A big concession could be price. EchoStar has said that it will offer consumers both in rural areas and in cities the same prices for service. But the Consumers Union and others said they want more of an enforceable guarantee that the combined company will offer the same terms and prices at the point of sale in rural markets as well as metropolitan areas.

"Our fear is that once one of two multichannel options for rural subscribers is eliminated, the remaining company will be free to eliminate equipment subsidies and raise prices for service above levels in urban markets where the satellite company must still compete with cable," the Consumers Union told the FCC.

The State of Alaska also asked the FCC to require a combined satellite TV entity to offer the same prices and conditions to its citizens that are charged to consumers in the lower 48 states.

Another condition floated at the commission was the divestiture of orbital slots, satellites, and transponder capacity. The Consumers Union endorsed this proposal, and the divesture of orbital slots was one of the suggestions made by WSNet, a Texas-based provider of digital video to multi-dwelling units and small cable operators. 
Merger attorneys said they wouldn't agree to the divesture of DBS orbital slots. One lawyer said that move would "wreak tremendous havoc on the synergies of this transaction."

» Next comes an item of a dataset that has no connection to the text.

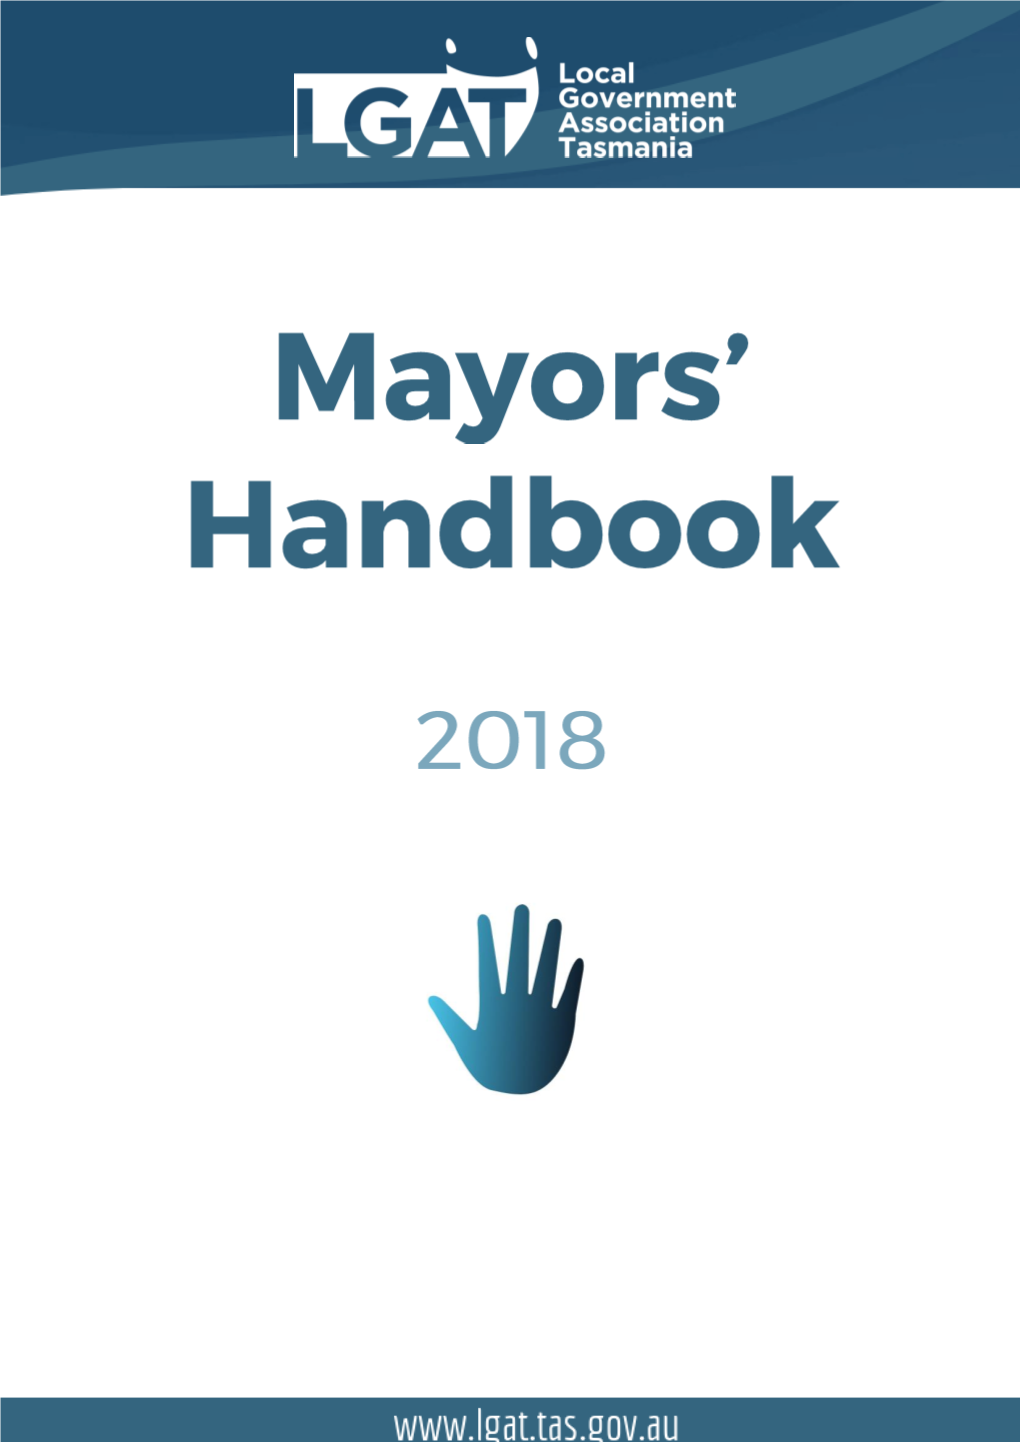 Mayors' Handbook 2018
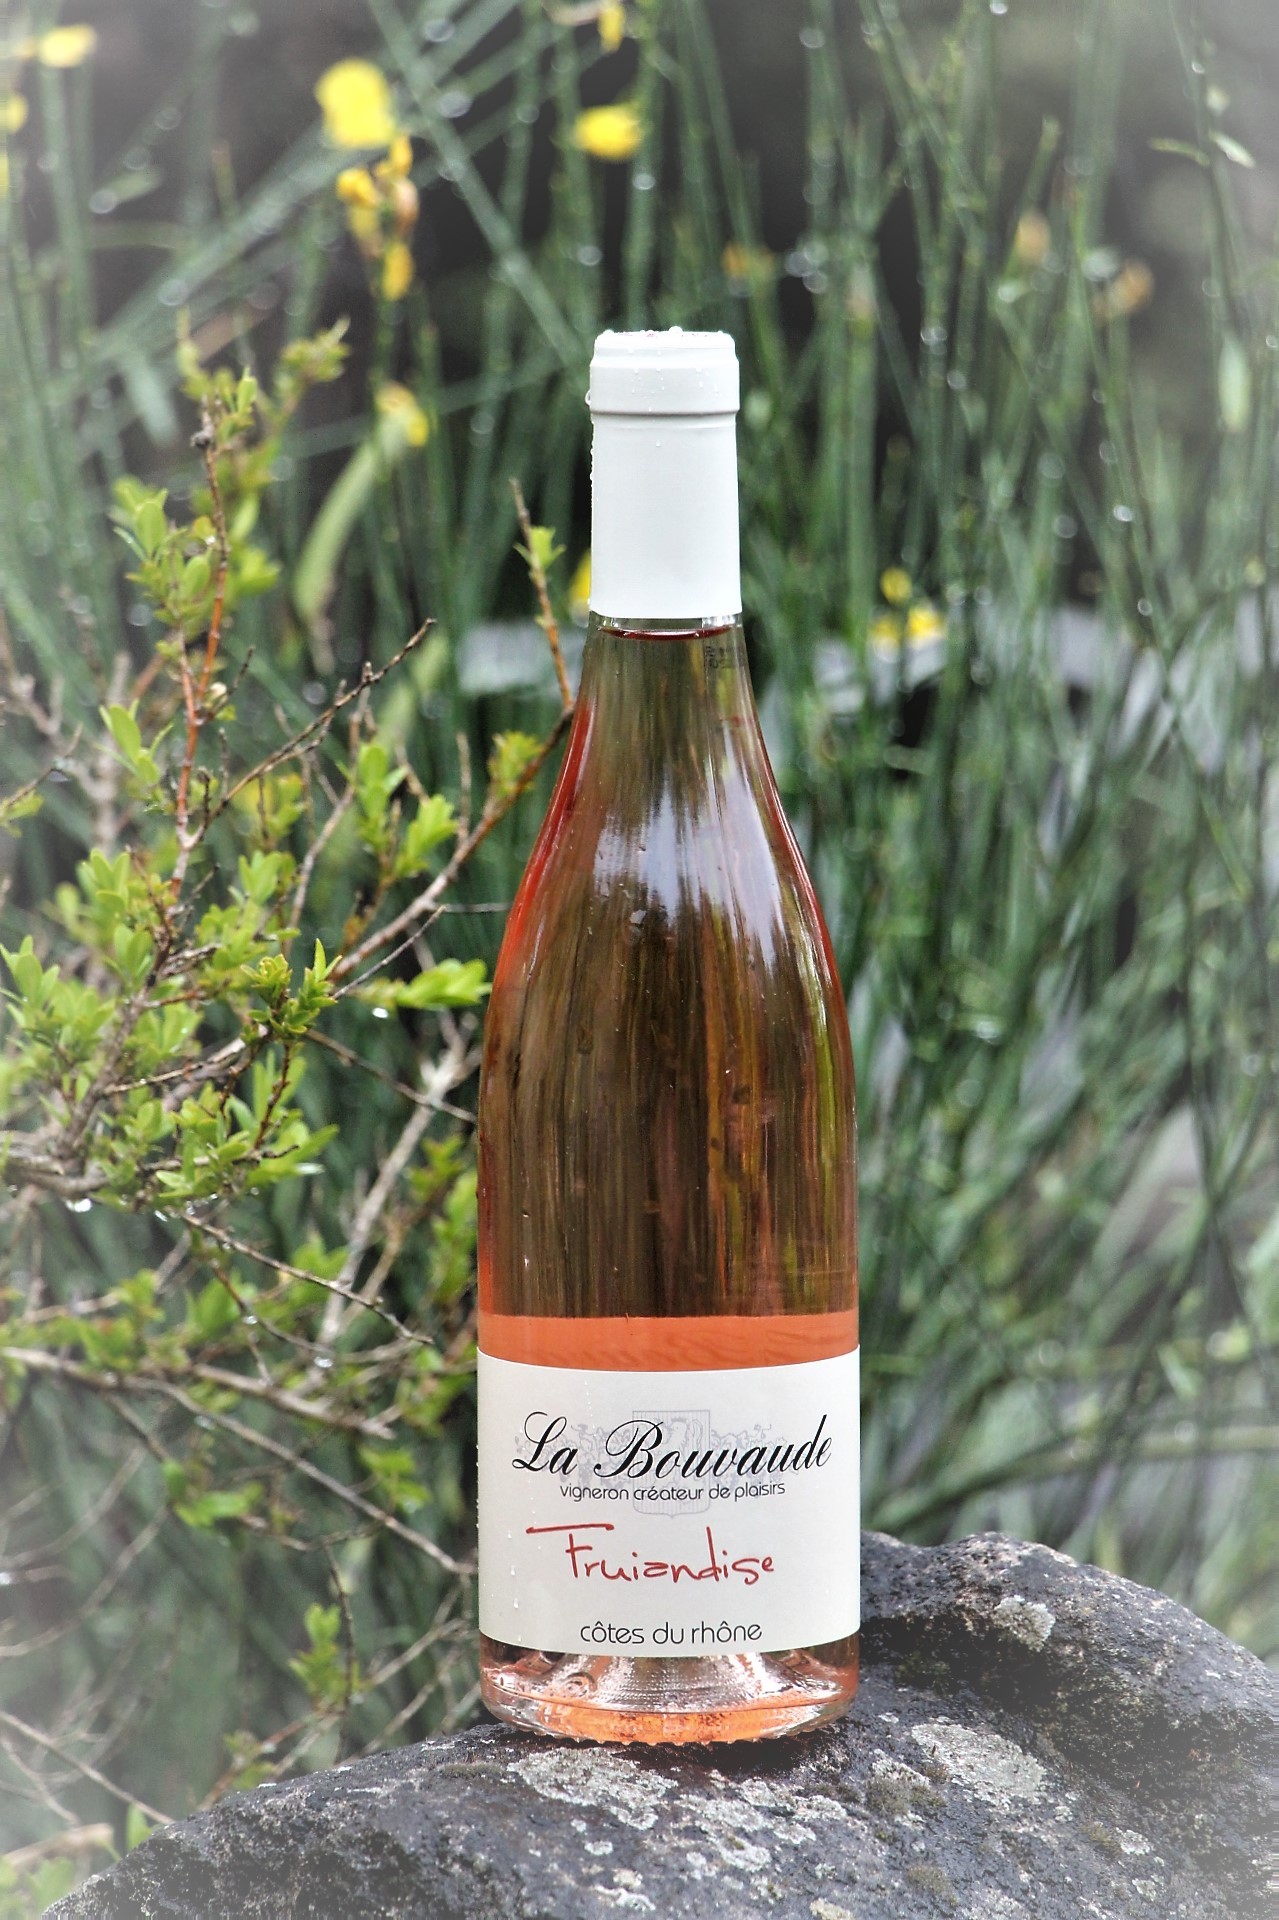 Bottle of rosé wine on a rock La Bouvaude Fruiandise Rousset les vignes

Finally, the Consumers Union asked the FCC to license the spectrum-sharing service proposed by Northpoint Technology. (In its comments on the merger, Northpoint also asked for the same thing.) Satellite interests have been vigorously fighting Northpoint and the wireless spectrum-sharing effort, concerned that technology sharing DBS spectrum will interfere with satellite signals.

FromSkyRepot(Used with Permission)


----------



## Guest (Feb 19, 2002)

I can see the Internet access argument, but divestiture of orbital slots? That would kill the entire reason for merging.... I hope that doesn't come to pass.


----------



## Guest (Feb 19, 2002)

One condition I would like to see set is the ability of at least 5 channels set aside for some sort of National Public Access. CableTV is required to do it, so why should satellite not have to do it.

Some of the most interesting things I have seen on TV have been off of public access.

Of course this Public Access would be run differently, shows would be submitted and aired on a first come first served basis. Shows would have to meet certain technical guidelines. And shows would only be eligable to run for a certain length of time.

I would love to see that.


----------



## Guest (Feb 21, 2002)

Forcing them to get rid of the additonal reciever fee would be nice. There is no competiton now they wont do it


----------